What (Math) is in a Name?
October 3, 2011 at 12:12 pm 4 comments
One of my favorite online tools is the Mean and Median app from Illuminations. This tool allows you to create a data set with up to 15 elements, plot them on a number line, investigate the mean and median, and consider a box-and-whisker plot based on the data. Perhaps the coolest feature is that you can copy an entire set of data, make some changes, and compare the modified set to the original set. For example, the box-and-whisker plots below look very different, even though the mean and median of the two sets are the same.
It’s a neat tool for learning about mean and median, and I plan to use this tool in an upcoming presentation.
- Exceptional, Free Online Resources for the Middle Grades Classroom
G. Patrick Vennebush
Thursday, October 20, 12:30-2:00pm
Room 401 (Atlantic City Convention Center)
For classroom use, I like to use this app with real sets of data. However, the app requires all elements of a data set to be integers from 1-100. Can you think of a data set with a reasonable spread that has no (or at least few) elements greater than 100? If so, leave a comment.
Recently, and rather accidentally, I found a data set that works well. Do the following:
Assign each letter of the alphabet a value as follows: A = 1, B = 2, C = 3, and so on. Find the sum of the letters in your name; e.g., BOB → 2 + 15 + 2 = 19.
Now imagine that every student in a class finds the sum of the letters in their first name. For a typical class, what is the range of the data? What is the mean and median?
The name with the smallest sum that I could find?
ABE → 1 + 2 + 5 = 8
The name with the largest sum?
CHRISTOPHER → 3 + 8 + 18 + 9 + 19 + 20 + 15 + 16 + 8 + 5 + 18 = 139
The Social Security Administration provides a nice resource for investigation, Popular Baby Names. Using a randomly selected set of 2,000 names and an Excel spreadsheet, I found the mean name sum to be 62.49, and 96% of the names had sums less than 100. Of the 80 names with sums greater than 100, many (such as Christopher, Timothy, Gwendolyn, Jacquelyn) have shortened forms (Chris, Tim, Gwen, Jackie) for which the sum is less than 100.

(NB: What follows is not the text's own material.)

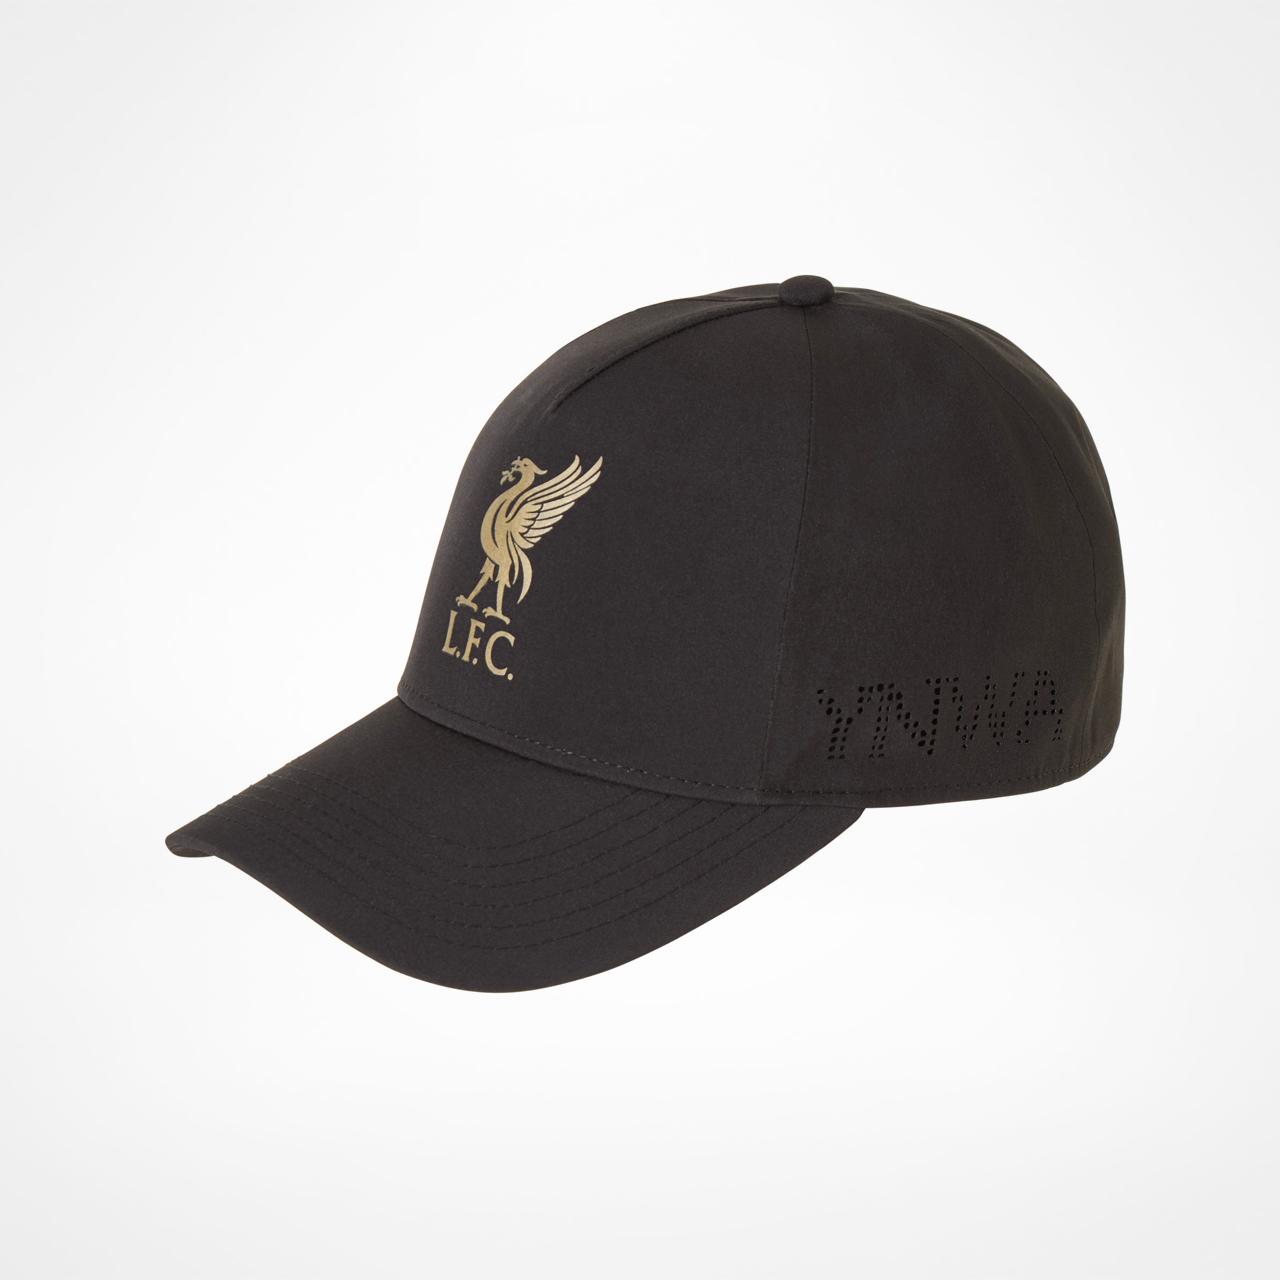 200307246be New Balance Liverpool Cap – Verein Bild Idee

As it turns out, the frequency with which letters occur in first names differs from their frequency in common English words. The most common letter in English words is e, but the most common letter in names is a. The chart below shows the frequency with which letters occur in first names.
Because of this distribution, the average value of a letter within a first name is 10.54, which is slightly less than the 13.50 you might expect. This is because letters at the beginning of the alphabet, which contribute smaller values to the name sum, occur more often in names than letters at the end of the alphabet.
The chart below shows the distribution for the number of letters within first names. The mean number of letters within first names is 5.92 letters, and the median is 6. (In the data set of 2,000 names from which this chart is derived, no name contained more than 11 letters.)
Do you know a name that has more than 11 letters or has a name sum greater than 139 or less than 8? Let me know in the comments.
Entry filed under: Uncategorized. Tags: data, elements, frequency, letters, mean, median, name, postaweek2011, sum.
1.
capnc | October 3, 2011 at 8:46 pm
Cab, as in Cab Calloway, comes in at 6. I’ve heard of “Babs” as a nickname for Barbara, but I don’t think “Bab” cuts it…
2.
venneblock | October 4, 2011 at 6:20 am
His full name was Cabell, but I’d still accept Cab. Nice one!
3.
.mau. | October 4, 2011 at 3:46 am
I know a longer name, but it’s in Italian: Massimiliano (there are also compounded names like Pierfrancesco, but maybe they are ruled out 🙂 )
4.
venneblock | October 4, 2011 at 6:22 am
I was certainly being geocentric when thinking of names, and I pulled my data set from the U.S. Social Security Agency. No reason to restrict foreign names, though. And compound names seem okay to me, too, since names like Brookelynn and Annemarie were in the data set I used.